▼▼▼

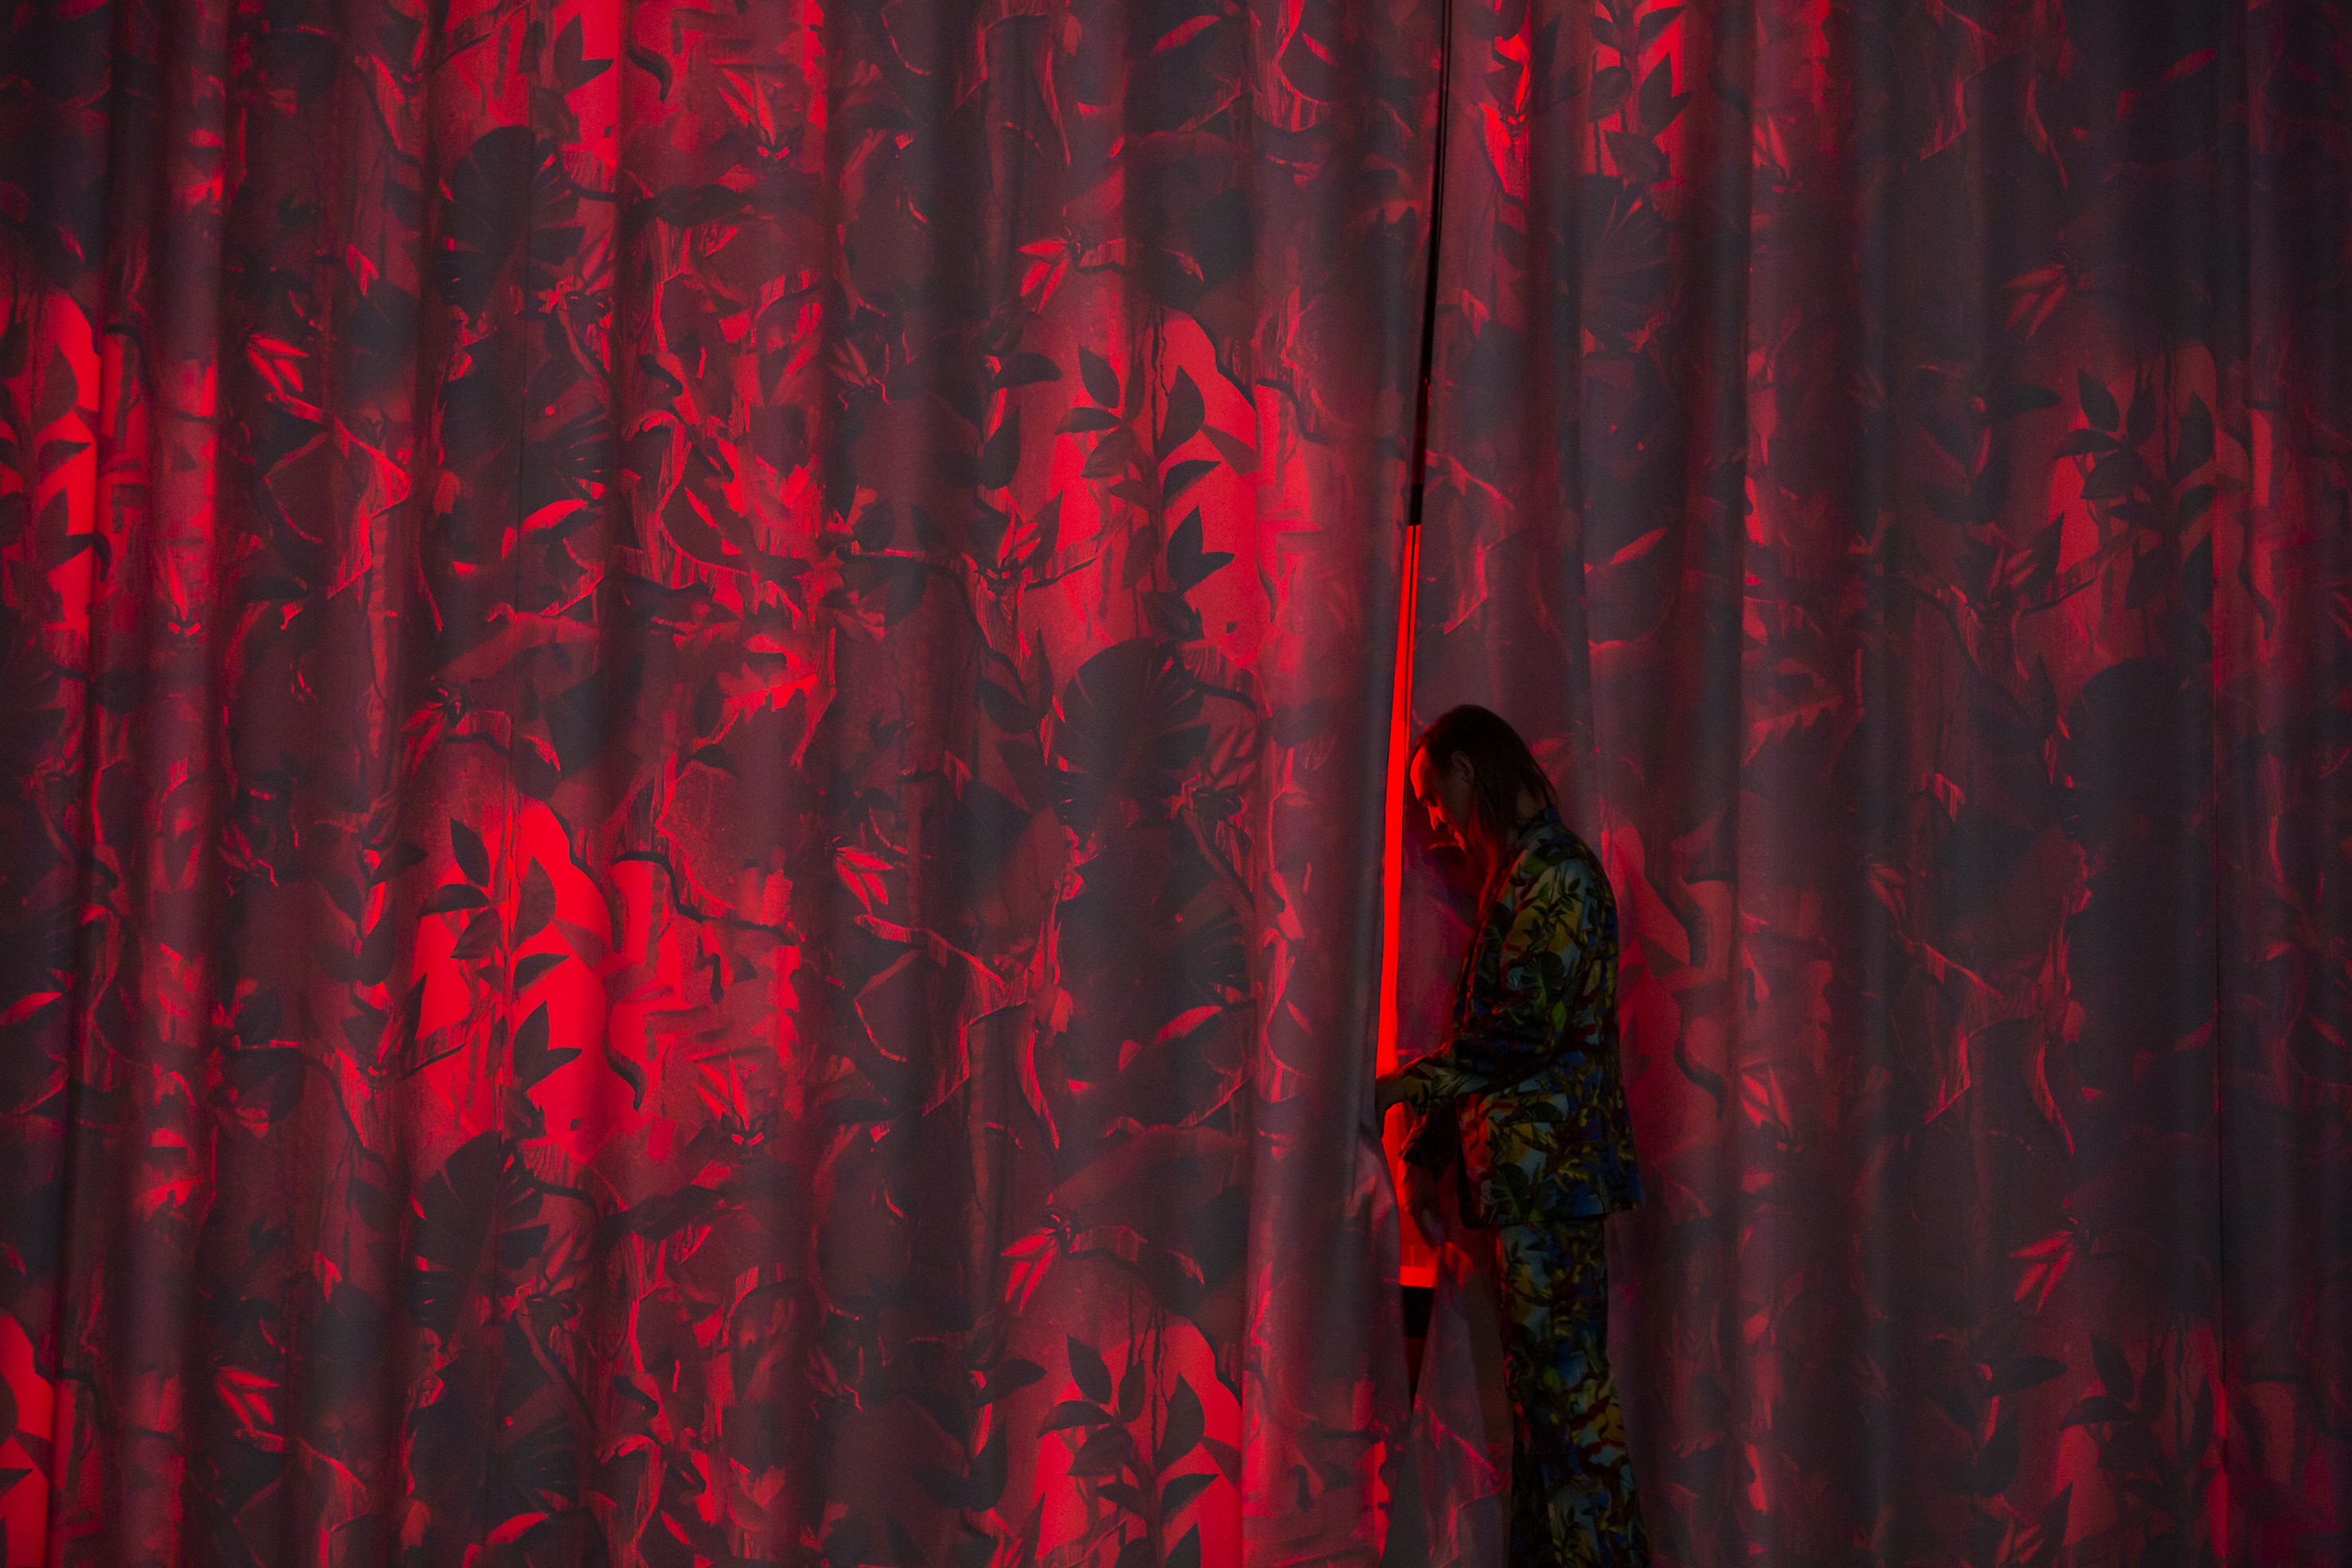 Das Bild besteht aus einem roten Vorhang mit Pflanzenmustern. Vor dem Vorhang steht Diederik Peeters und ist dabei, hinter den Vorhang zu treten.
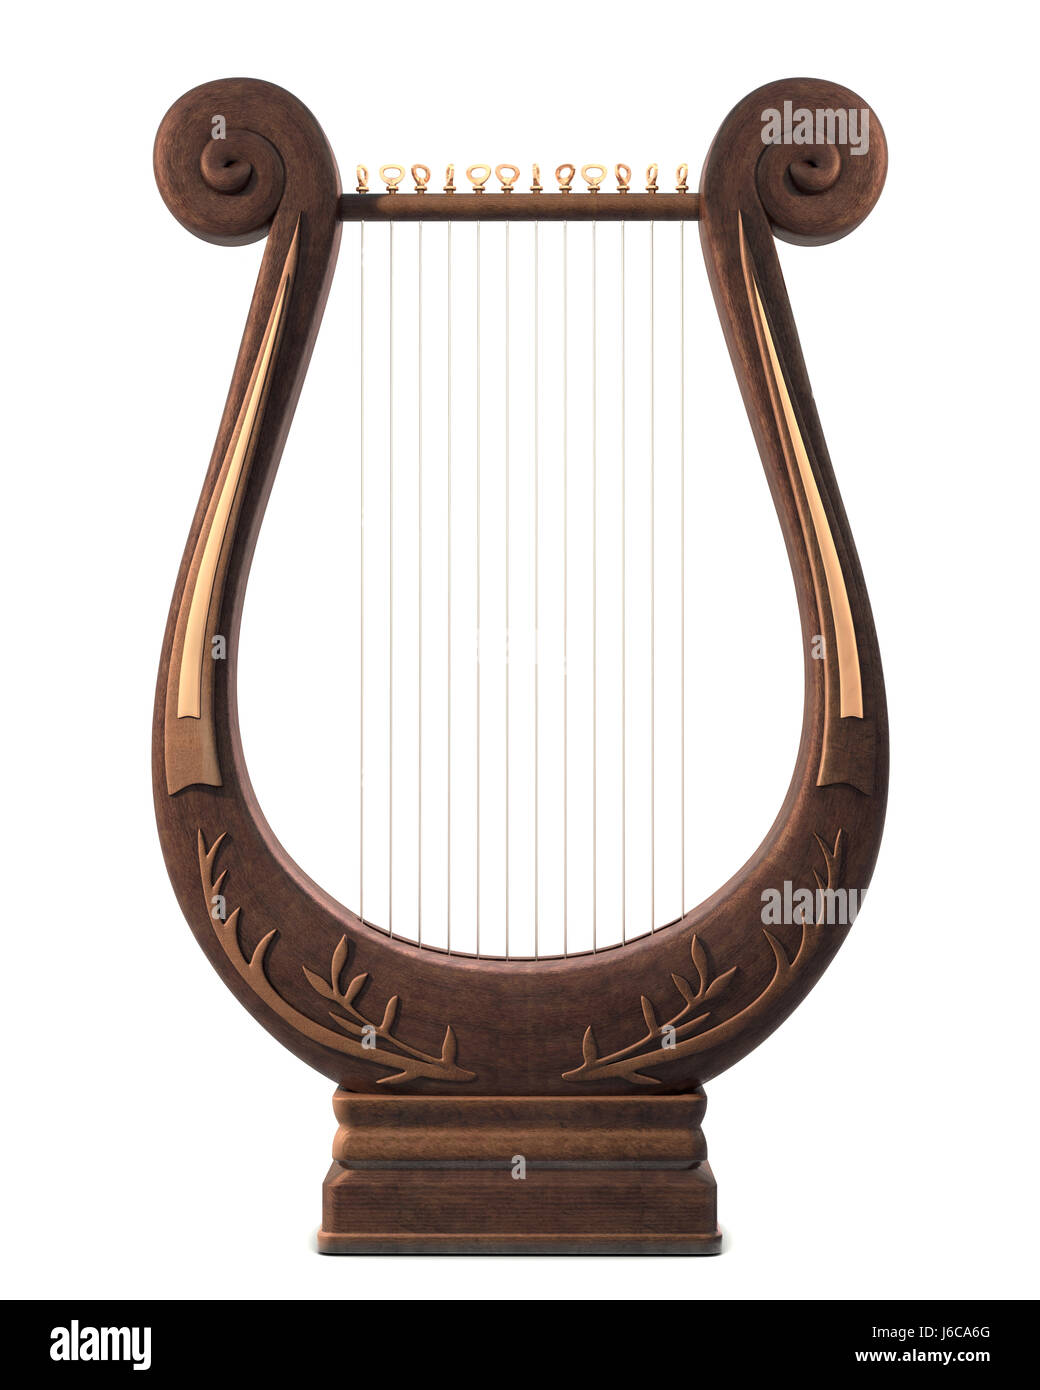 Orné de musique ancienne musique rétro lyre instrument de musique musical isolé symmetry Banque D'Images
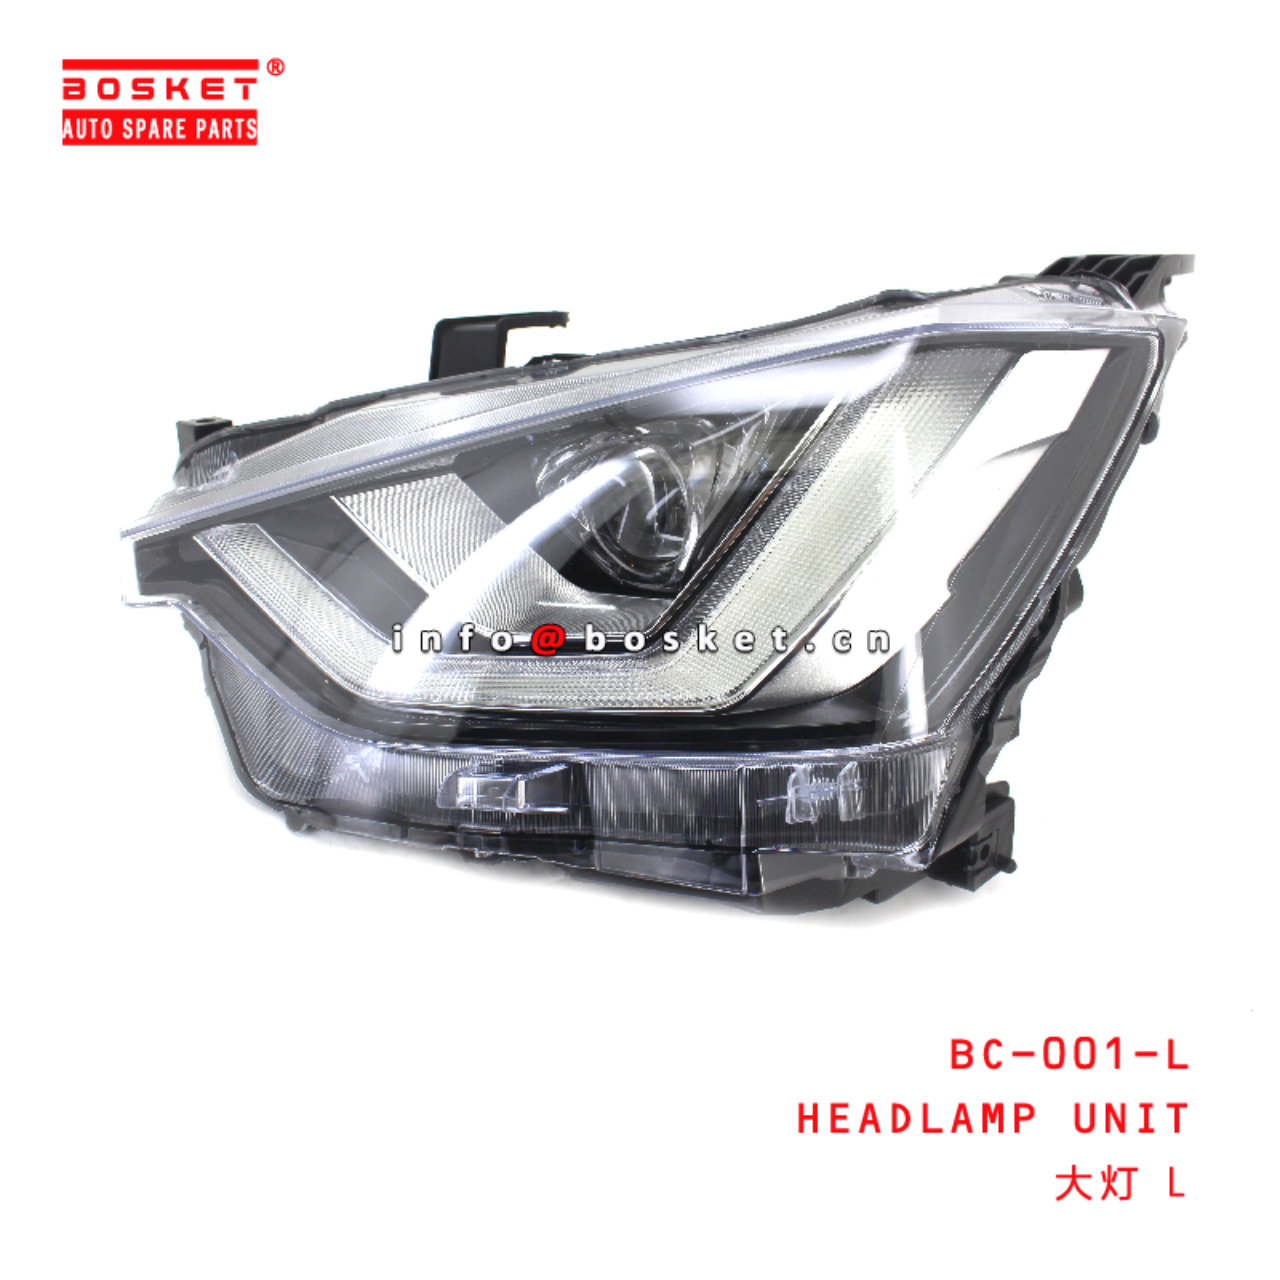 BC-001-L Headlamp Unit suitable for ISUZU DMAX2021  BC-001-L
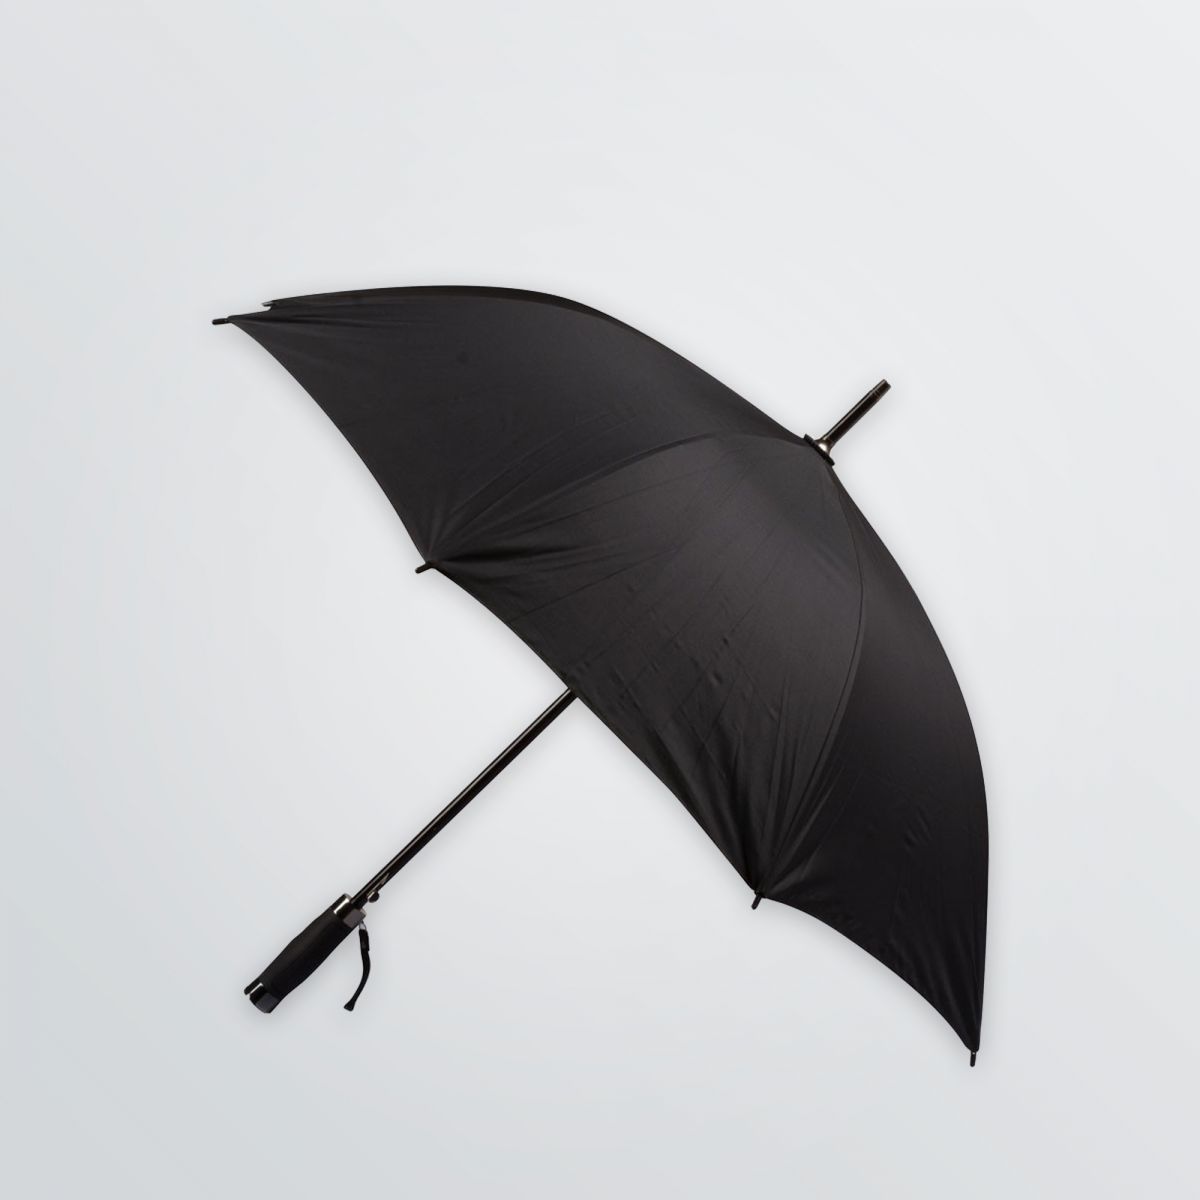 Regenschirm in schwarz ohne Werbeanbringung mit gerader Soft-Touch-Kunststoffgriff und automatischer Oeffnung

▲▲▲

**EXERCISE AIM:**
Write out, word for word, the lines from the start of the data through the one holding "BC-001-L Headlamp Unit". Omit pictures.

**ANSWER BOX:**
 Das Bild besteht aus einem roten Vorhang mit Pflanzenmustern. Vor dem Vorhang steht Diederik Peeters und ist dabei, hinter den Vorhang zu treten.
 Orné de musique ancienne musique rétro lyre instrument de musique musical isolé symmetry Banque D'Images
 BC-001-L Headlamp Unit suitable for ISUZU DMAX2021  BC-001-L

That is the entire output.